# Carpeting that looks like Sand?



## CharlieMount (Apr 21, 2011)

I'm producing and directing an upcoming LA production of "Seascape". We've decided to use carpeting rather than real sand. Anyone have a suggestion of carpeting "type"? Or a good source in Los Angeles? We're thinking of some sort of yellow industrial carpeting. Something thin, with the right texture, laid over foam-topped platforms. Thanks for any thoughts.


----------



## FatherMurphy (Apr 21, 2011)

Depending on what sort of sand look you're trying for (and your budget), you might consider three or four different carpet types that are somewhat close together in color, cutting them into odd blotchy shapes, and overlapping them randomly (think desert camo). This will help keep the stage from looking too flat, and you won't have to worry about wrinkles or seam lines.

If the run is short, any sort of carpet will probably do just fine, so I'd go with the cheapest available. You might check with the local pipe and drape decorator companies for used rental carpet from trade shows and special events, they might be willing to sell you leftovers and end rolls for cheap-cheap.


----------



## jglodeklights (Apr 22, 2011)

You can also, if you don't intend to use the carpet in a nice place or just for backstage sound deadening, paint it with a couple of water washes to add some tones, a la dyeing. 

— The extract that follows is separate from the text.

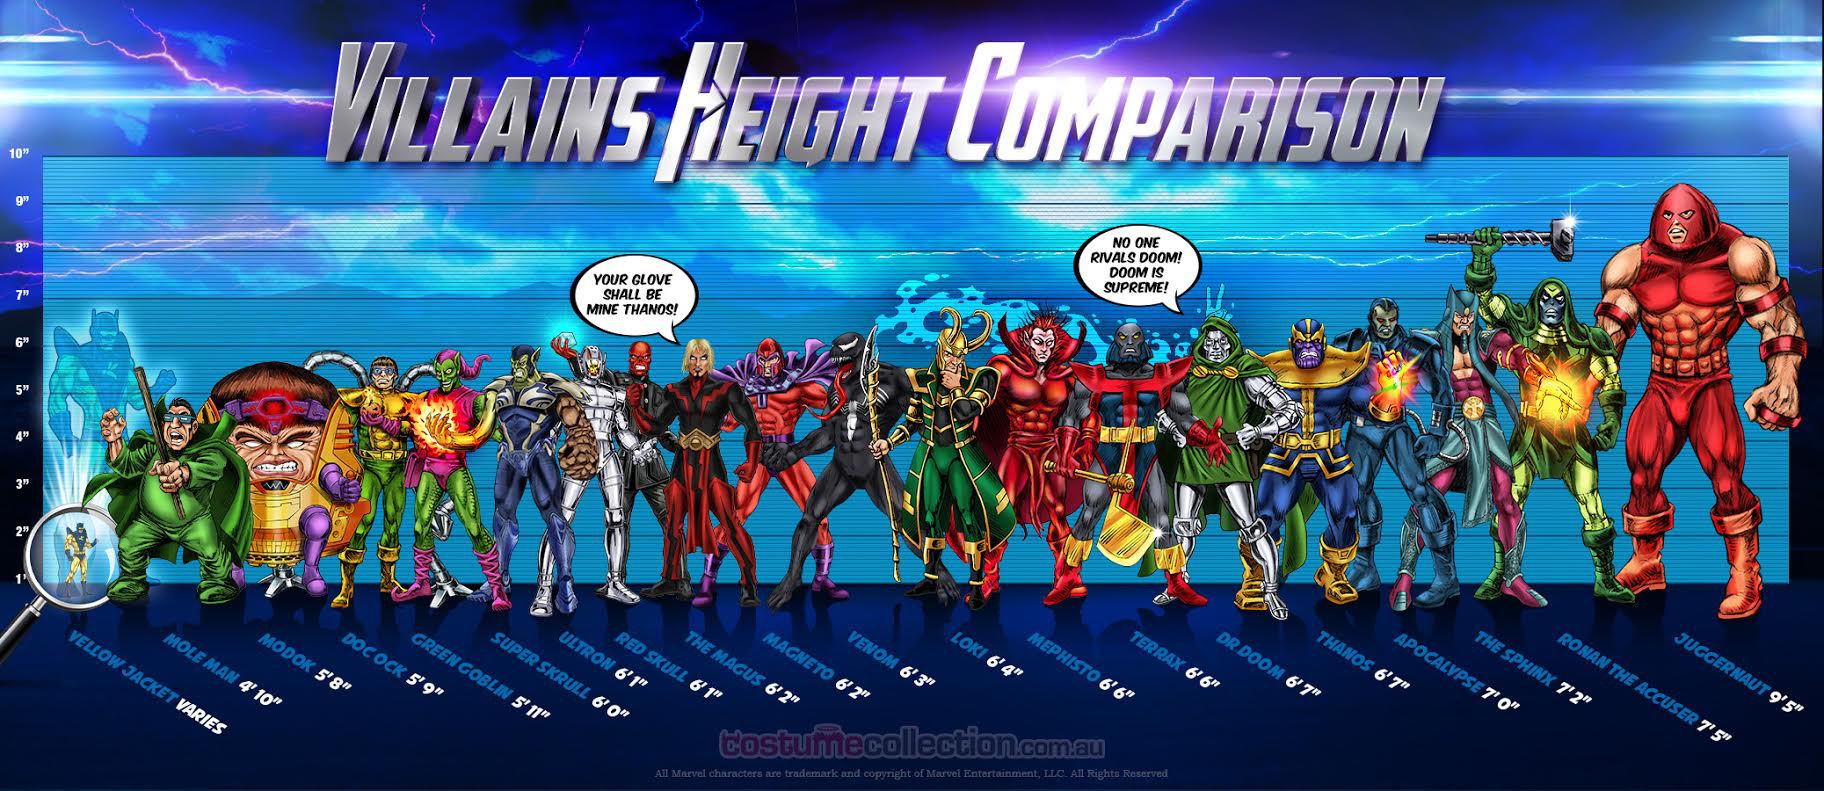 Who Are the 5 Tallest and Shortest Marvel Stars: Shortest MCU star

Just remember, whatever you do.....probably go a half a shade or shade darker than you think you want. The floor is probably what will be getting the most light thrown onto it, and if you can see it you don't want it to be overwhelming to the audience. Hhmmmmm, someone one told me about a show...the floor was excellent.


----------



## CharlieMount (Apr 22, 2011)

Thanks. Good suggestions. I'll pass on to my set designer. Much appreciated.


----------